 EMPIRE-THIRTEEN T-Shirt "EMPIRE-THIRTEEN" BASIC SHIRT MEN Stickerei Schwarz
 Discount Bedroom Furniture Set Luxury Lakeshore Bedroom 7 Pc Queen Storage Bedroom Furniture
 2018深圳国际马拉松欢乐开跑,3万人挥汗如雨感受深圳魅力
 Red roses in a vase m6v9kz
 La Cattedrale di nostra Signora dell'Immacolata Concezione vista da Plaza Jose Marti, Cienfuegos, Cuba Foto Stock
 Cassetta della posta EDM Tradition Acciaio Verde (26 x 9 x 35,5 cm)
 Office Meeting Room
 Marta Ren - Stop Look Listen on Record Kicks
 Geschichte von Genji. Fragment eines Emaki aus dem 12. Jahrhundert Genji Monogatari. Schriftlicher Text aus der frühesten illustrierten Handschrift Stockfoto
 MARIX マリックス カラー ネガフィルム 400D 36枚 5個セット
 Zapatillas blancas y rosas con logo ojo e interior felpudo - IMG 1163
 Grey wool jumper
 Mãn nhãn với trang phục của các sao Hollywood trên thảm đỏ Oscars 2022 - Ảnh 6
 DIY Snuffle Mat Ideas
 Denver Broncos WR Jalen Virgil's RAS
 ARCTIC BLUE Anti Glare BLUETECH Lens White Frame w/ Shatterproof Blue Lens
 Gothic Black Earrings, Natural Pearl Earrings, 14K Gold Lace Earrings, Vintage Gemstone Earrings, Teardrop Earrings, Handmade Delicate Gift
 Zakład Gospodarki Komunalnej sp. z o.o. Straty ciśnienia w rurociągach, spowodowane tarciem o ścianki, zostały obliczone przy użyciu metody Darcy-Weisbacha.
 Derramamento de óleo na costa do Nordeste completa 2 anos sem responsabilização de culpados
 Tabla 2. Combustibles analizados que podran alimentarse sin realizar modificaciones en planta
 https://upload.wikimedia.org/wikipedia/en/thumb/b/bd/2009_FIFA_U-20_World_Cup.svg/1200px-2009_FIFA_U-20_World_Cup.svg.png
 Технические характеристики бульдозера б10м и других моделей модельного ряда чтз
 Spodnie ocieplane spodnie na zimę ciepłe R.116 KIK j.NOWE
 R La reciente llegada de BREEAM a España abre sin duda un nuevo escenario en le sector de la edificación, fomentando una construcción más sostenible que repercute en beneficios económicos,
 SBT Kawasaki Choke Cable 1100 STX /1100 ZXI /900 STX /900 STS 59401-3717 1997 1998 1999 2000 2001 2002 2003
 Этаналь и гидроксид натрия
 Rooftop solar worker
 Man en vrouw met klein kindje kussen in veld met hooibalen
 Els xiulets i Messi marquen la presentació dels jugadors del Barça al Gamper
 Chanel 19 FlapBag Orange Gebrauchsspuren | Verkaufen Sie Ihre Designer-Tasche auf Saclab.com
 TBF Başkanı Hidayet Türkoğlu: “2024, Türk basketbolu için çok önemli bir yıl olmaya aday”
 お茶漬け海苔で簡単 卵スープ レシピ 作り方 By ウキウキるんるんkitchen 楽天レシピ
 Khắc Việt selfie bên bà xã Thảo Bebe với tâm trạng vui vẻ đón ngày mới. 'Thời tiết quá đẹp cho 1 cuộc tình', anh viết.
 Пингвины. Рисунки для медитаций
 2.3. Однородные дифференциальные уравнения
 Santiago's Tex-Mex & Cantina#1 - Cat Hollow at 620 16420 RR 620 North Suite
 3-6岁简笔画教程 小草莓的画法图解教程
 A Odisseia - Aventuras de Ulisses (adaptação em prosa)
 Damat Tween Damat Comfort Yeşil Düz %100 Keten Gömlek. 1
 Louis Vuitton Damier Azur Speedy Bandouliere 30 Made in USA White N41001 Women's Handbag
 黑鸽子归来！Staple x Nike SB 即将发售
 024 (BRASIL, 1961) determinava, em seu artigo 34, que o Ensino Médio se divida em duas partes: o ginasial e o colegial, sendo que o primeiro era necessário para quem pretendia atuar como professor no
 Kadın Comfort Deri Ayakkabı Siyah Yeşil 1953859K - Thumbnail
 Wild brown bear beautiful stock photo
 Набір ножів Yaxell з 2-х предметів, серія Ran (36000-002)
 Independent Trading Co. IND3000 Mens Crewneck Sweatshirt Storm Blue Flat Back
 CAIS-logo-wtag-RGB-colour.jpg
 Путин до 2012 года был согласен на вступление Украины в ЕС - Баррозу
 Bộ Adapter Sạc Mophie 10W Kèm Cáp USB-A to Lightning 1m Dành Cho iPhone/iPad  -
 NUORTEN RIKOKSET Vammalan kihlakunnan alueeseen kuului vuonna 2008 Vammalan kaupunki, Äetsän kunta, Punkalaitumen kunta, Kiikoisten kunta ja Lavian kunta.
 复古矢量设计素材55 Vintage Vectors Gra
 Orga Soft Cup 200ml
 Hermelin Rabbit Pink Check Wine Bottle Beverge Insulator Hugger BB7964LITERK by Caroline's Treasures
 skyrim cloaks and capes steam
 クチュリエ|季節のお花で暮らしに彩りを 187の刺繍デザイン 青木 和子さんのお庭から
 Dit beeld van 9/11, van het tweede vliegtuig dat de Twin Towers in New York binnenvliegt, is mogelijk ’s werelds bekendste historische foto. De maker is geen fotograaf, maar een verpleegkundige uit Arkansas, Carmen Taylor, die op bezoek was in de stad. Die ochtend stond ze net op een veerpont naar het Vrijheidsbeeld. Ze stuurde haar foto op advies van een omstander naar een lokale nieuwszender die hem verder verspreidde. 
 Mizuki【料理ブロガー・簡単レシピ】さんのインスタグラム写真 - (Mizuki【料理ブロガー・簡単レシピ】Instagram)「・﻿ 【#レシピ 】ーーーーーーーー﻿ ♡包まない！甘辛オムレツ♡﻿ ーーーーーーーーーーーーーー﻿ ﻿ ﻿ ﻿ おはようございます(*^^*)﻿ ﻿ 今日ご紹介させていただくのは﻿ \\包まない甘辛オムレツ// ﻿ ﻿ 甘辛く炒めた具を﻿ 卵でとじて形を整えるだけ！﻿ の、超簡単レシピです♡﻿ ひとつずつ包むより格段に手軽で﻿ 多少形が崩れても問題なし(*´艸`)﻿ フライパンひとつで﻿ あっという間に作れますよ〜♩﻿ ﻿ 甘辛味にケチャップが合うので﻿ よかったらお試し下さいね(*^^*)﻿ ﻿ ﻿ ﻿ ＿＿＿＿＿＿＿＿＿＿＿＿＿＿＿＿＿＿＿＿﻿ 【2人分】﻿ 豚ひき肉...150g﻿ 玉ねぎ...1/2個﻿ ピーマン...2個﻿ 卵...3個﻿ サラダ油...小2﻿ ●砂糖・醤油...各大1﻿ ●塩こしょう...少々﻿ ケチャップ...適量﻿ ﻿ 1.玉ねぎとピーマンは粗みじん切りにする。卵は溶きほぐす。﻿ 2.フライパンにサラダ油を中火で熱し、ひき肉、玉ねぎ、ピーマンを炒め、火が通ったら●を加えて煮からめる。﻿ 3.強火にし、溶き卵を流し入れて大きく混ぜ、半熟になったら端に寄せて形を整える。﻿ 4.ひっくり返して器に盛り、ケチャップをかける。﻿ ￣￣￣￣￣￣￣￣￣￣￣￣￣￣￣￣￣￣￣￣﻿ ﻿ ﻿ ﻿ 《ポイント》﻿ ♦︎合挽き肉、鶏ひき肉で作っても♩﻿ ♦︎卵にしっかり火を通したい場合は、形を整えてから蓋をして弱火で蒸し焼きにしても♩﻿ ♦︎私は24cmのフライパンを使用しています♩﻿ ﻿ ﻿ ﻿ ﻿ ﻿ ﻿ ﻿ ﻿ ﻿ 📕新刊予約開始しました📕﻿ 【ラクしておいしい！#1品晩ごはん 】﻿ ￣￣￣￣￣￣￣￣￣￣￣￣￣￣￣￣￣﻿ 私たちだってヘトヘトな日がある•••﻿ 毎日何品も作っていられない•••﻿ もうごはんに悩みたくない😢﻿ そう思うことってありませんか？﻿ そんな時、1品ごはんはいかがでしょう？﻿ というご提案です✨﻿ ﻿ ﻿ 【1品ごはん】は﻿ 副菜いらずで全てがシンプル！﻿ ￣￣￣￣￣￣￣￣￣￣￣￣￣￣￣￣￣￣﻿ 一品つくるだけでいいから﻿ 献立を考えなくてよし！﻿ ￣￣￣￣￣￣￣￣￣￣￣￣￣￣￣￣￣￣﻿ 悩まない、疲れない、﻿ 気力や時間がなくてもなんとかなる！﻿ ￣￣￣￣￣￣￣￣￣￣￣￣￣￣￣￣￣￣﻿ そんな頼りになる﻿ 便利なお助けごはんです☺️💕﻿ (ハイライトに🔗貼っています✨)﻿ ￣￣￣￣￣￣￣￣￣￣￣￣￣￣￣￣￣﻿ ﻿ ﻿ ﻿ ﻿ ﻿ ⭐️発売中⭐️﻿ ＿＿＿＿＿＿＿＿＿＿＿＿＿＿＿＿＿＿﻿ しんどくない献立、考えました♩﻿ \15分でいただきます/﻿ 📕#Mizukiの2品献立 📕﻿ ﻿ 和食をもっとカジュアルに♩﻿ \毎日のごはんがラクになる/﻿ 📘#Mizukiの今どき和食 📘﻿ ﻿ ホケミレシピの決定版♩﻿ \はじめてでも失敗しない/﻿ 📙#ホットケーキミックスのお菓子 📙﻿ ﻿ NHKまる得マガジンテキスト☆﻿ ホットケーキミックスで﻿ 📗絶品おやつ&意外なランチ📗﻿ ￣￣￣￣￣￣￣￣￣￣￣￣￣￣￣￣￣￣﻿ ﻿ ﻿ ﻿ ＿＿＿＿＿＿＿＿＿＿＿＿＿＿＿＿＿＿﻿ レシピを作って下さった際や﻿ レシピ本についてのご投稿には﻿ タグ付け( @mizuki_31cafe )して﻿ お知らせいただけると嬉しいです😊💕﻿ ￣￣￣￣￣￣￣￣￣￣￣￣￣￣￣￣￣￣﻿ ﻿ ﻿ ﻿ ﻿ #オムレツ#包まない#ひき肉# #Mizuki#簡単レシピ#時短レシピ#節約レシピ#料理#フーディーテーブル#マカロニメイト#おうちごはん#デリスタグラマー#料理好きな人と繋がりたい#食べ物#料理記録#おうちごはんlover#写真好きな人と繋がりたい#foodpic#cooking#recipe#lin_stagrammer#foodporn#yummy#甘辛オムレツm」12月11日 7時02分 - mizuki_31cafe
--
● ASSIGNMENT: Reproduce the listing above exactly, but only from its first line through the line holding "Red roses in a vase m6v9kz"; both of those lines are included.

● WRITTEN SOLUTION:
 EMPIRE-THIRTEEN T-Shirt "EMPIRE-THIRTEEN" BASIC SHIRT MEN Stickerei Schwarz
 Discount Bedroom Furniture Set Luxury Lakeshore Bedroom 7 Pc Queen Storage Bedroom Furniture
 2018深圳国际马拉松欢乐开跑,3万人挥汗如雨感受深圳魅力
 Red roses in a vase m6v9kz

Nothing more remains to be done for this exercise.